- Ah, è vero... mio padre è fallito, mi diceva lo zio! - Poi, con grido straziante, nascose il volto fra le mani.
- Lasciatemi, cugina, lasciatemi! ... Dio mio! Dio mio! perdonate il babbo... Oh, quanto ha dovuto soffrire! -
V'era un non so che di terribile e di commovente in quella angoscia giovanile, vera, schietta, senza calcolo; qualcosa di fieramente pudico, che le anime semplici delle due donne compresero subito, non appena fece loro cenno di lasciarlo solo. Scesero tacite a riprendere i loro posti vicino alla finestra e lavorarono per circa un'ora senza scambiarsi una parola. La fanciulla aveva visto nella stanza, con un colpo d'occhio, i graziosi ninnoli di toeiletta; le forbici, i rasoi ornati d'oro; e quell'avanzo di lusso in mezzo a tanto strazio aveva accresciuto il suo affetto per Carlo, quasi in forza del contrasto. Mai cosí grave avvenimento né spettacolo cosí drammatico avevano colpito la immaginazione di quei due esseri sempre immersi nella calma e nella solitudine.
- Mamma, noi porteremo il lutto per lo zio.
- Questo deve ordinarlo tuo padre - rispose la buona donna.
E stettero zitte di nuovo, mentre Eugenia tirava i suoi punti con una regolarità di moti da cui un osservatore avrebbe capito a che si volgeva quella meditazione: il piú grande desiderio dell'adorabile creatura era di partecipare, ora, al dolore del cugino. Verso le quattro un colpo brusco di battente fece sussultare la signora Grandet.

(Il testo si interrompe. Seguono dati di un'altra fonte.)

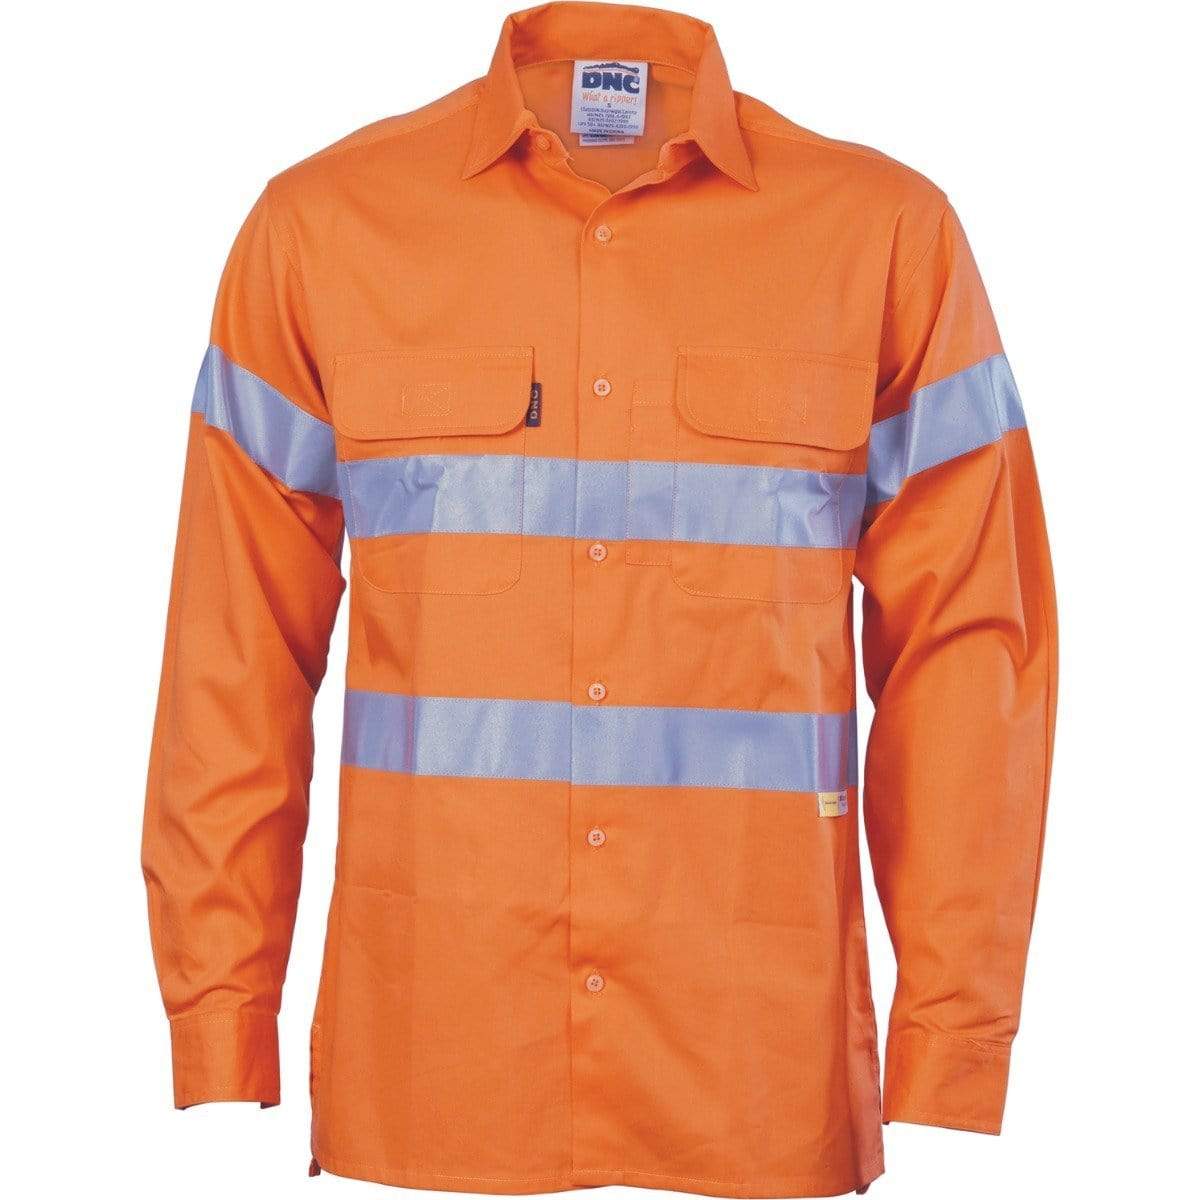 Dnc Workwear Hi-vis Cool-breeze Cotton Long Sleeve Shirt With 3m 8906 Reflective Tape - 3987 Work Wear DNC Workwear Orange S 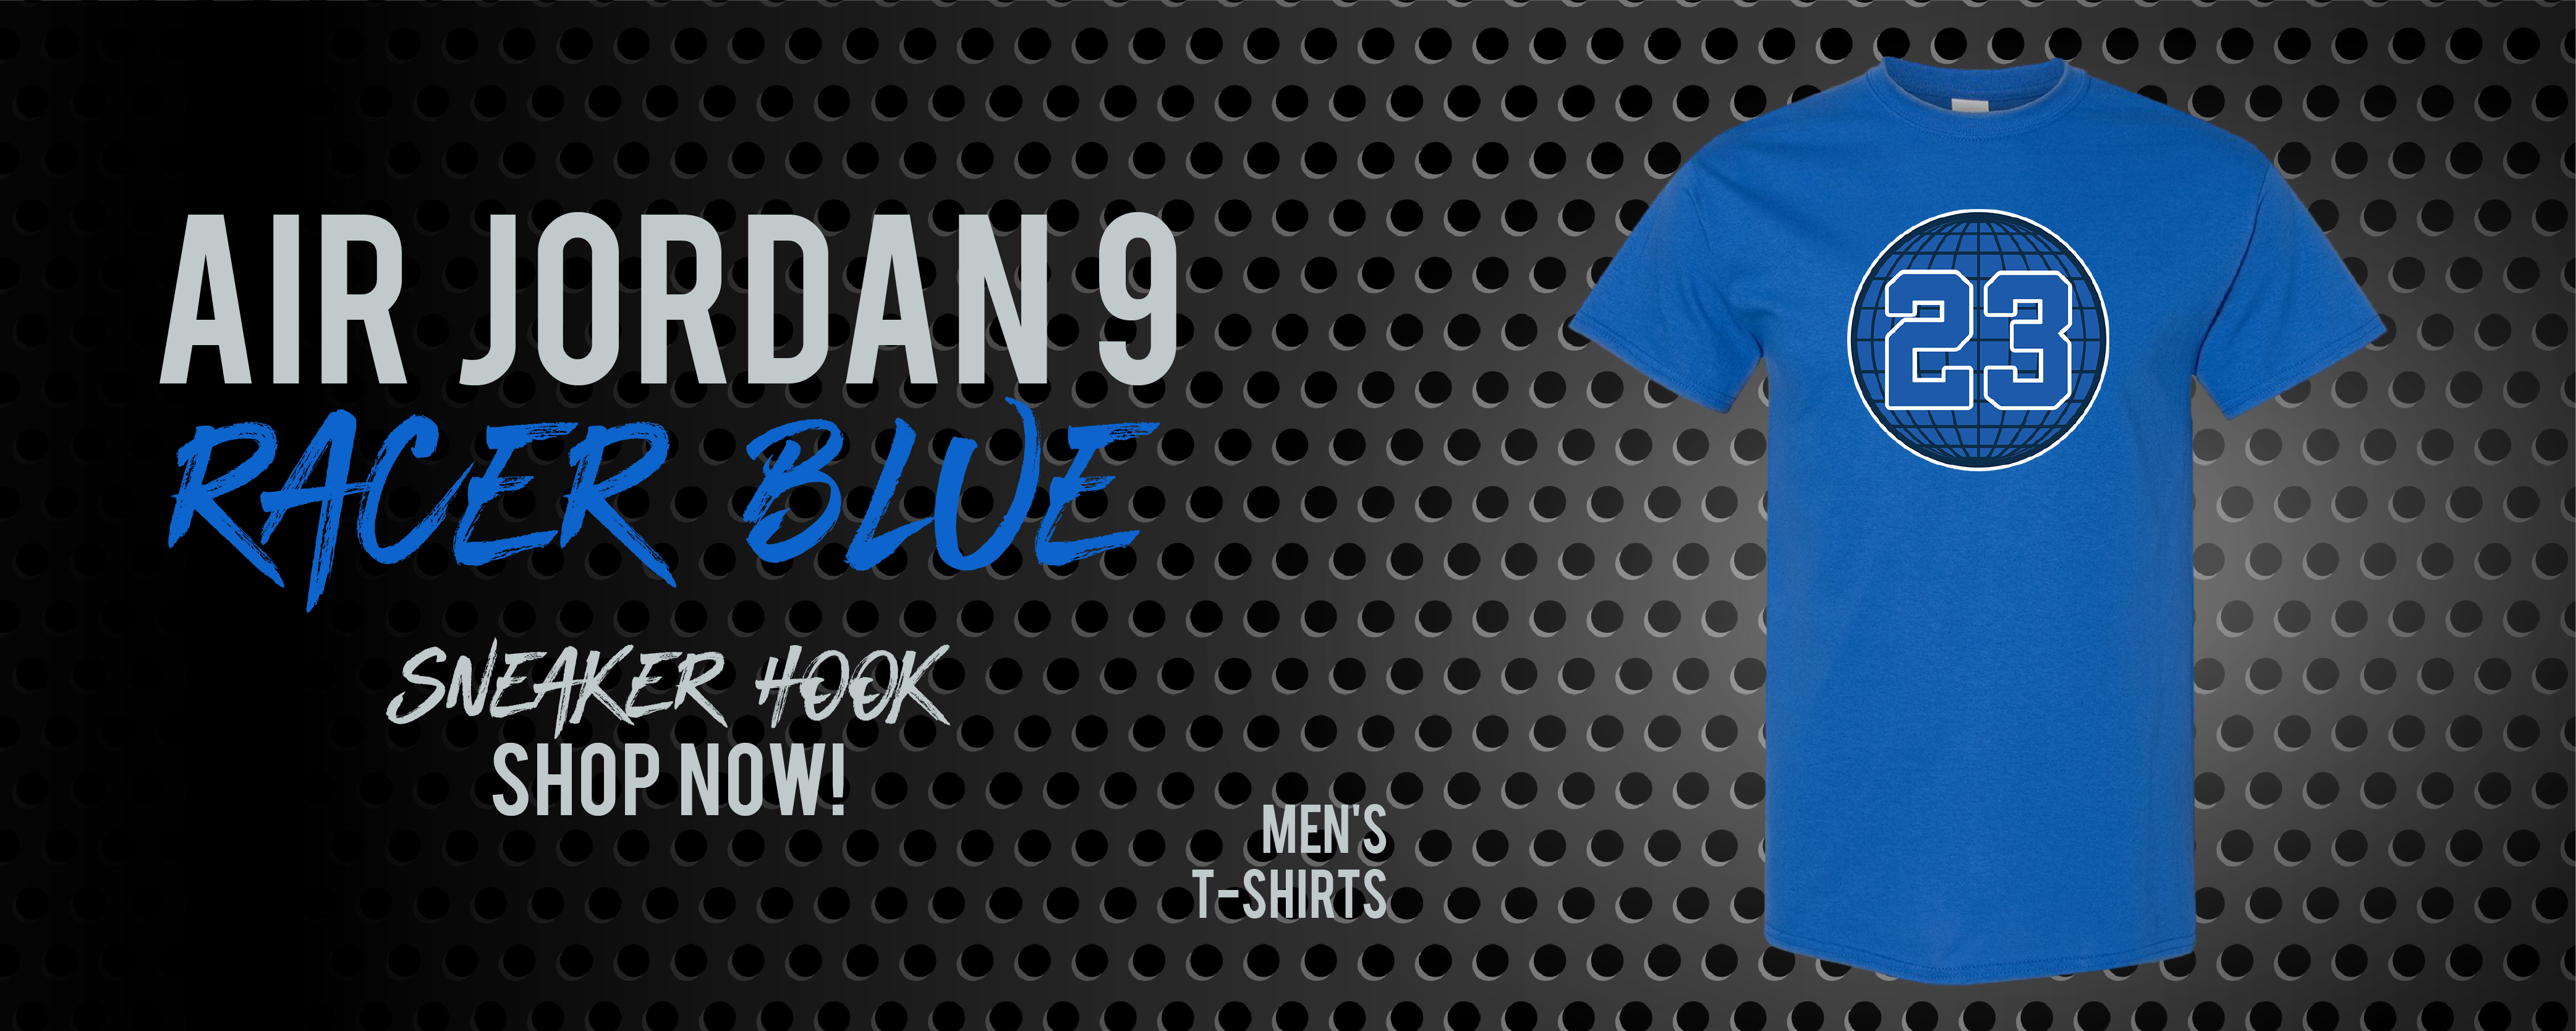 shirts to match jordan retro 9 racer blue

- Che ha tuo padre? - chiese alla figlia.
Il vignarolo entrò tutto lieto, si tolse i guanti e si fregò le mani cosí forte che le avrebbe scorticate se la pelle non fosse stata dura come un cuoio di Russia; prese a passeggiare in su e giú, a guardar il tempo, ed alla fine il segreto gli sfuggí.